- Work to complete -
Only the lines below from the one that holds "La guida su" through the one that holds "KATSUMI キハ-80 完成品/キハ-82" should appear in the answer, copied exactly, end lines included and pictures omitted.

- Provided information -
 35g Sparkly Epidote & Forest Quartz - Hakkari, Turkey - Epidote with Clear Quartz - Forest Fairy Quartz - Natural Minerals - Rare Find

--

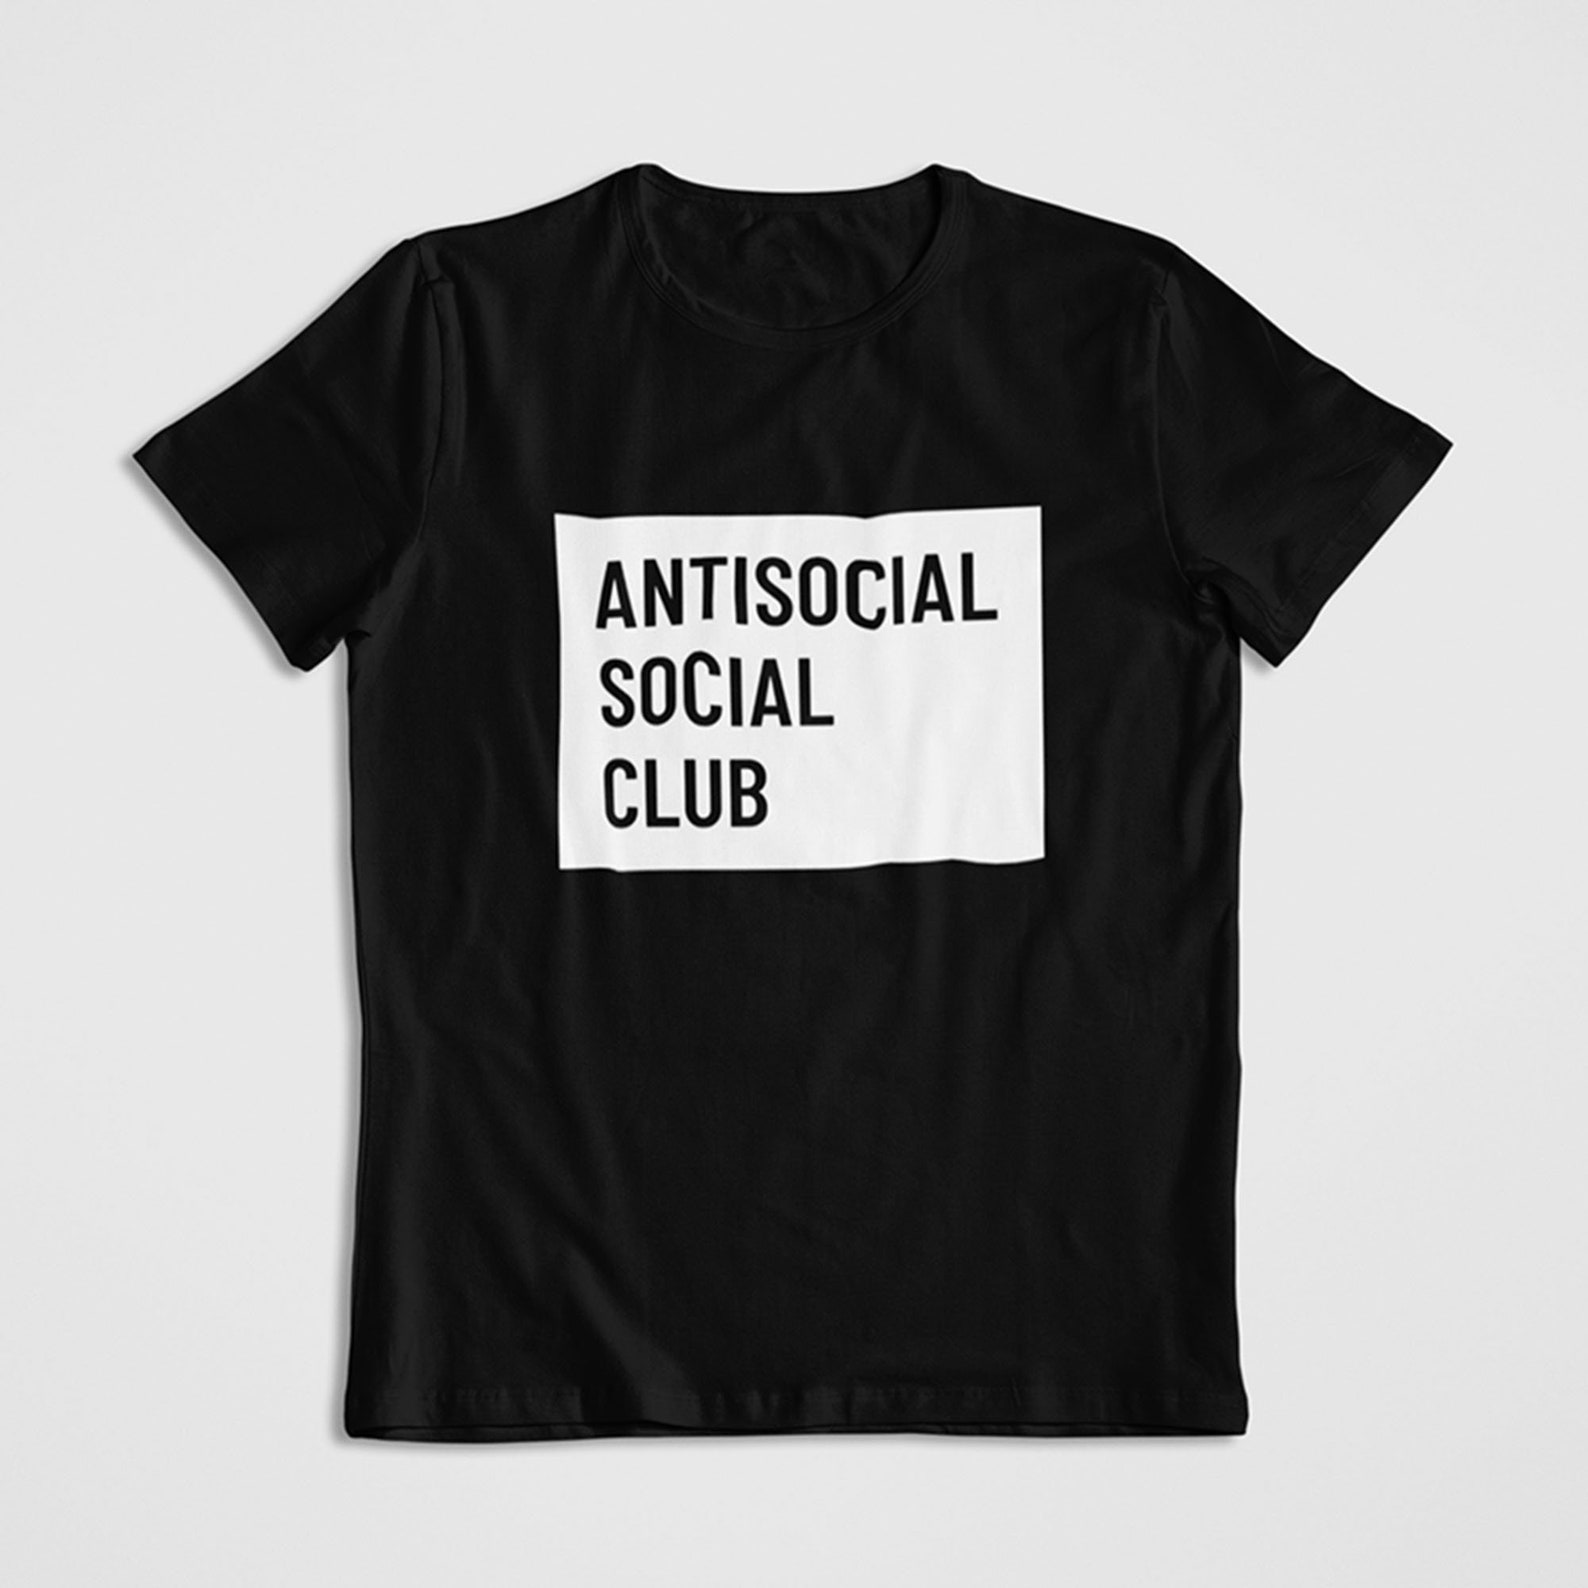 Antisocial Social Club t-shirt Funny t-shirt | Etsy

---

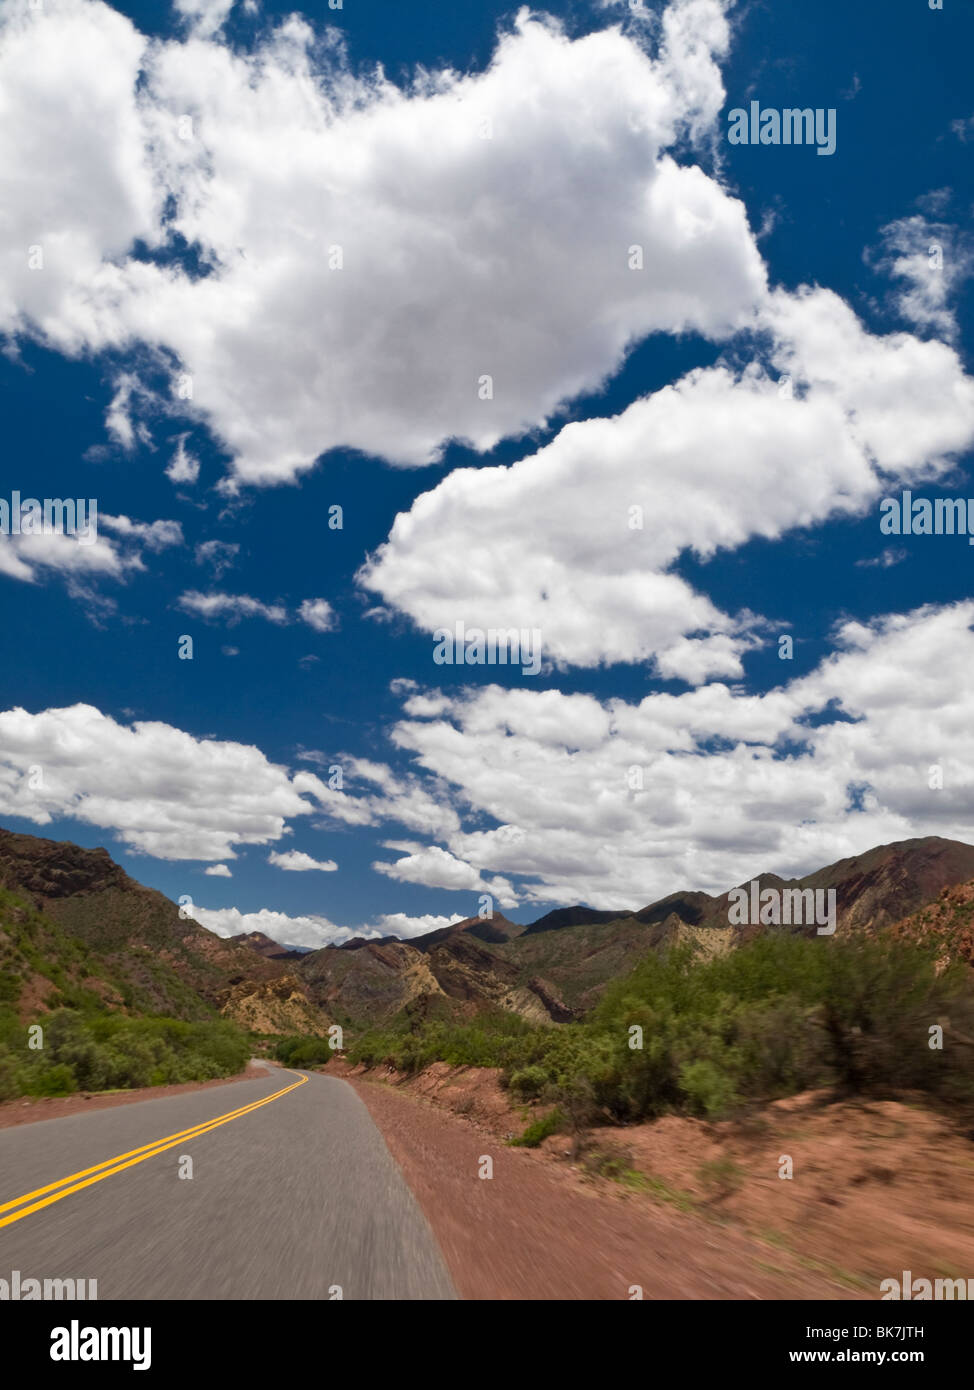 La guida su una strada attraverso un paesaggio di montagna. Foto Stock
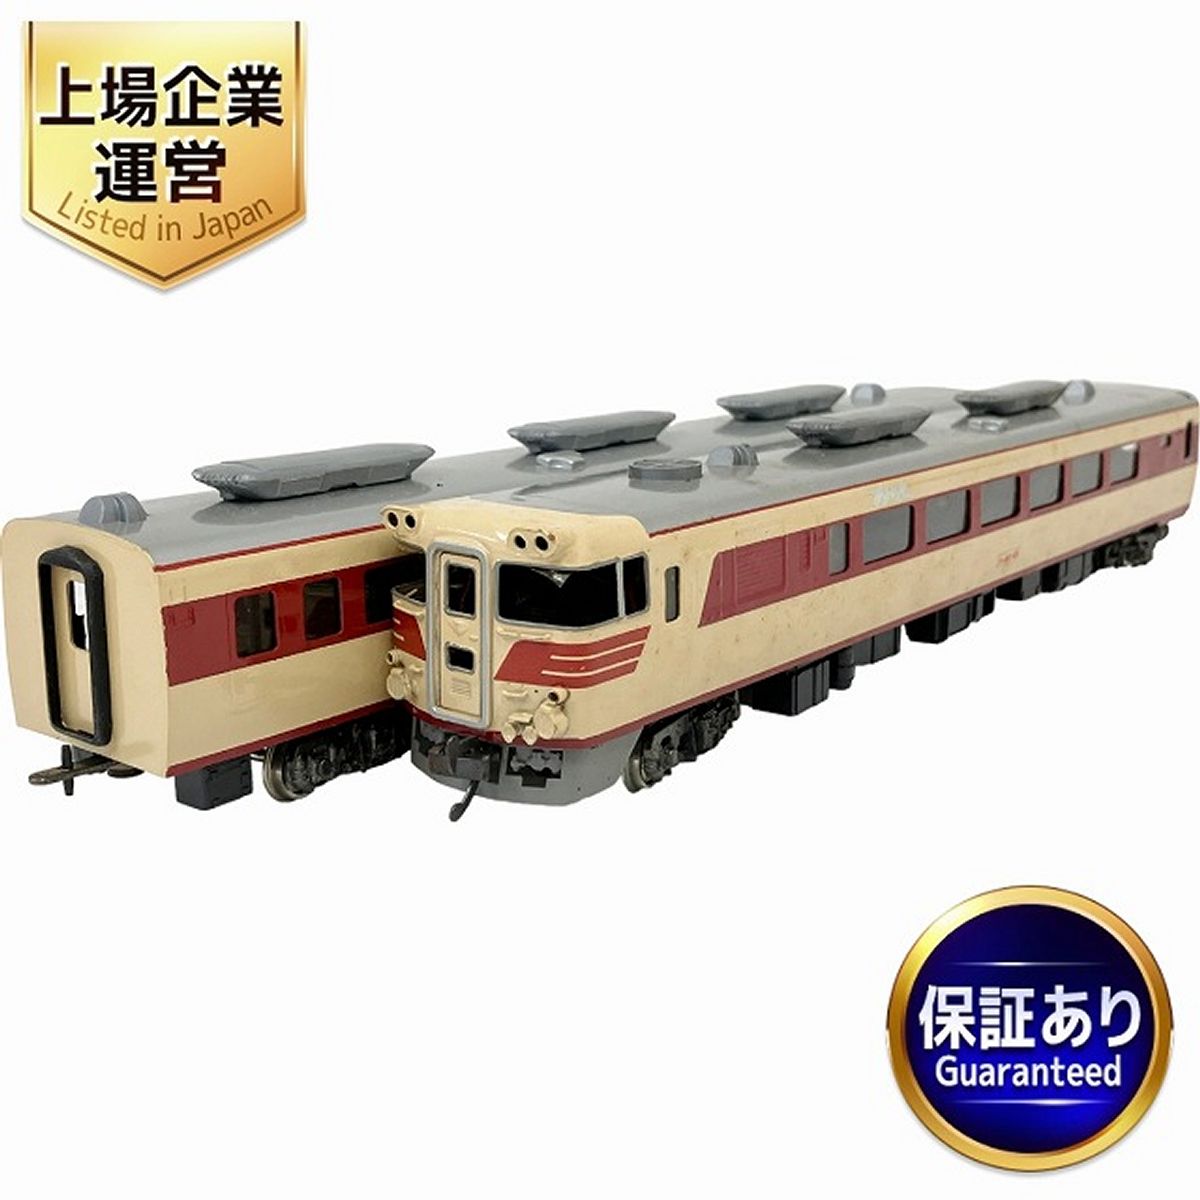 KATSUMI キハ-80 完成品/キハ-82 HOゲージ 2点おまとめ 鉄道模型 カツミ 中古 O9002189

- Exercise output -
 La guida su una strada attraverso un paesaggio di montagna. Foto Stock
 KATSUMI キハ-80 完成品/キハ-82 HOゲージ 2点おまとめ 鉄道模型 カツミ 中古 O9002189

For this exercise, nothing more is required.